How does reverse engineering of software work?

hardypart@feddit.de · 1 year ago

How does reverse engineering of software work?

SHITPOSTING_ACCOUNT@feddit.de · 1 year ago

Software consists of instructions for a computer to do something. These are made to be easy to follow for a computer, not for a human.

Humans write software in a human-readable form, the source code. This then (usually) gets converted to a machine-readable form, called machine code (or bytecode for some languages).

Depending on the programming language and settings used, more or less information is completely lost in the process. For some languages (.NET, Java) you can get most of the structure, sometimes even with most original variable and function names, back from the bytecode, and see relatively easily what the program does.

For other languages (e.g. C/C++), even the structure is lost - you can’t even reliably tell which parts of the program belong to the same function. You can read the machine code, and it “clearly” says what it does, but trying to make sense of that mess is slow, error-prone, and you won’t fully understand every part (it’s just too much), so you will mostly be looking for parts that seem related to what you’re interested in. For example, if you’re looking for an encryption algorithm, you may look for code that opens two files, reads from one and writes to the other, then look for a piece of code “nearby” that’s doing a lot of math. Or for malware, you may want to focus on network connections. Since the software needs to talk to the operating system to make network connections, this tends to happen in a standardized way and you can quickly find the part of the code that talks to the network features of the OS.

You can also run the program step by step and observe what it does (possibly messing with it while doing so to see how that changes the behavior).

For an example of how machine code looks, what in source code would be ShowDialog('hello') could become

put 0x1005f225 (your reverse engineering tool helpfully will add a note that this is the address where a text “hello” is stored) into register 1
increment stack pointer by 4
push R1 onto the stack
call 0x10000443C (you now look at the code there)
put the value of R1 into R4
if r1 is zero jump to 0x10004458
put r4 onto the stack
call the OS function to show a dialog (if you’re lucky your reverse engineering tool has identified this for you.)

(Made up inaccurate example just to illustrate the idea.
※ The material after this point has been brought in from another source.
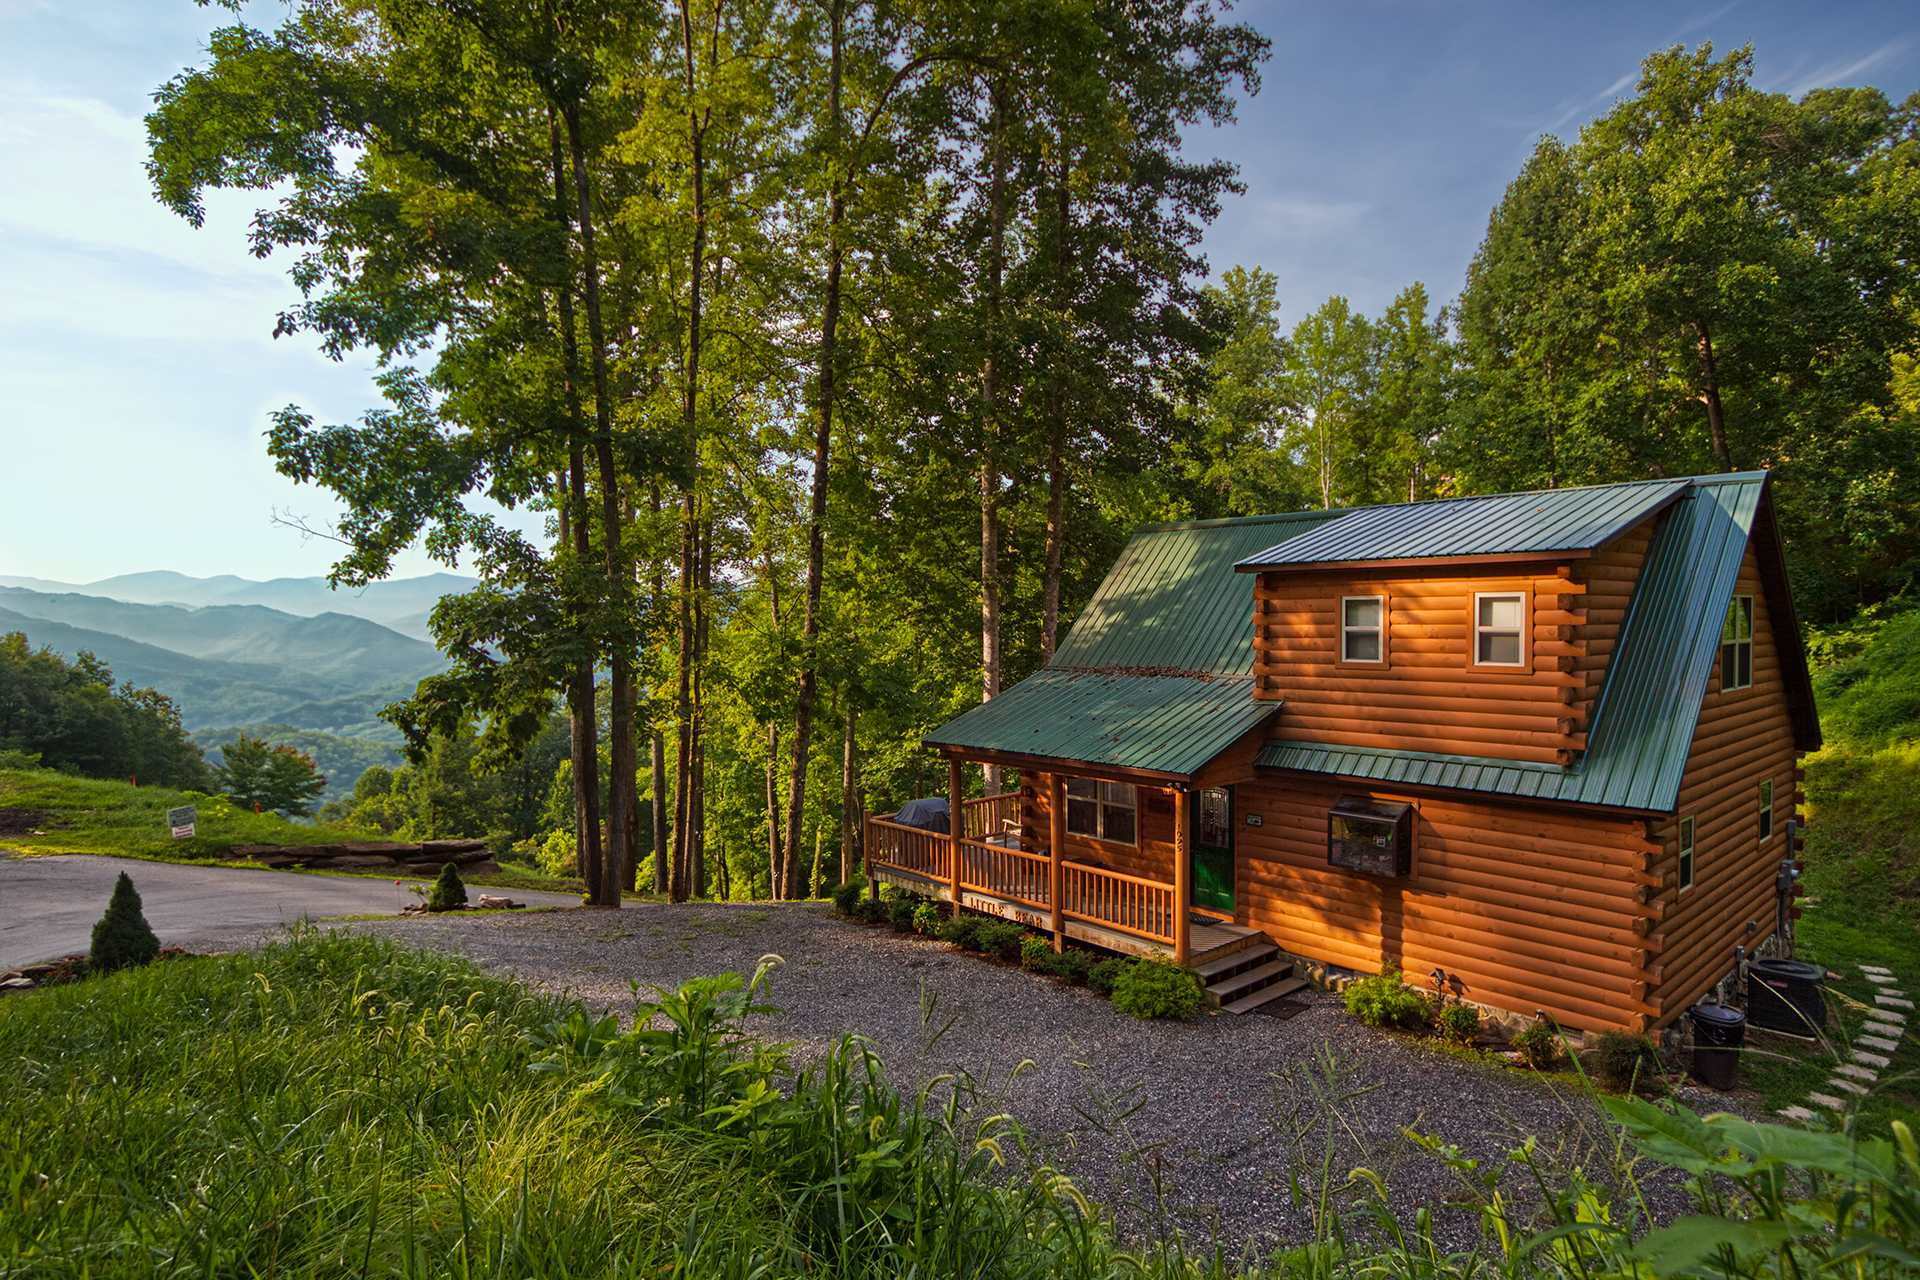 Little bear chalet nc log cabin rental with mountain views for Little bear cabin in gatlinburg tn

It’s horrible to read.)

WalrusByte@lemmy.world · 1 year ago

To understand this you need to know how code is compiled into machine code. So basically computers only understand ones and zeros, but that’s really hard for humans to work with. So we created something called assembly, which allows us to convert more human understandable phrases like “add” and “sub” to perform calculations and map them to certain machine code instructions (AKA ones and zeros). But it turns out using just assembly was also pretty tedious, so they created languages like C, where you have another program called a compiler take in C code which was easier for humans to understand and convert it to the equivalent assembly automatically.

So most software you run on the computer is a binary, meaning it’s a bunch of the machine code that was previously compiled from some other language like C. You can decompile these binaries back into assembly, which you can then manually read and convert back to a more human readable language. There’s also other tools out there that make this process easier, but that’s the basic idea: take ones and zeros, convert it back into assembly, then try and figure out how it works from there.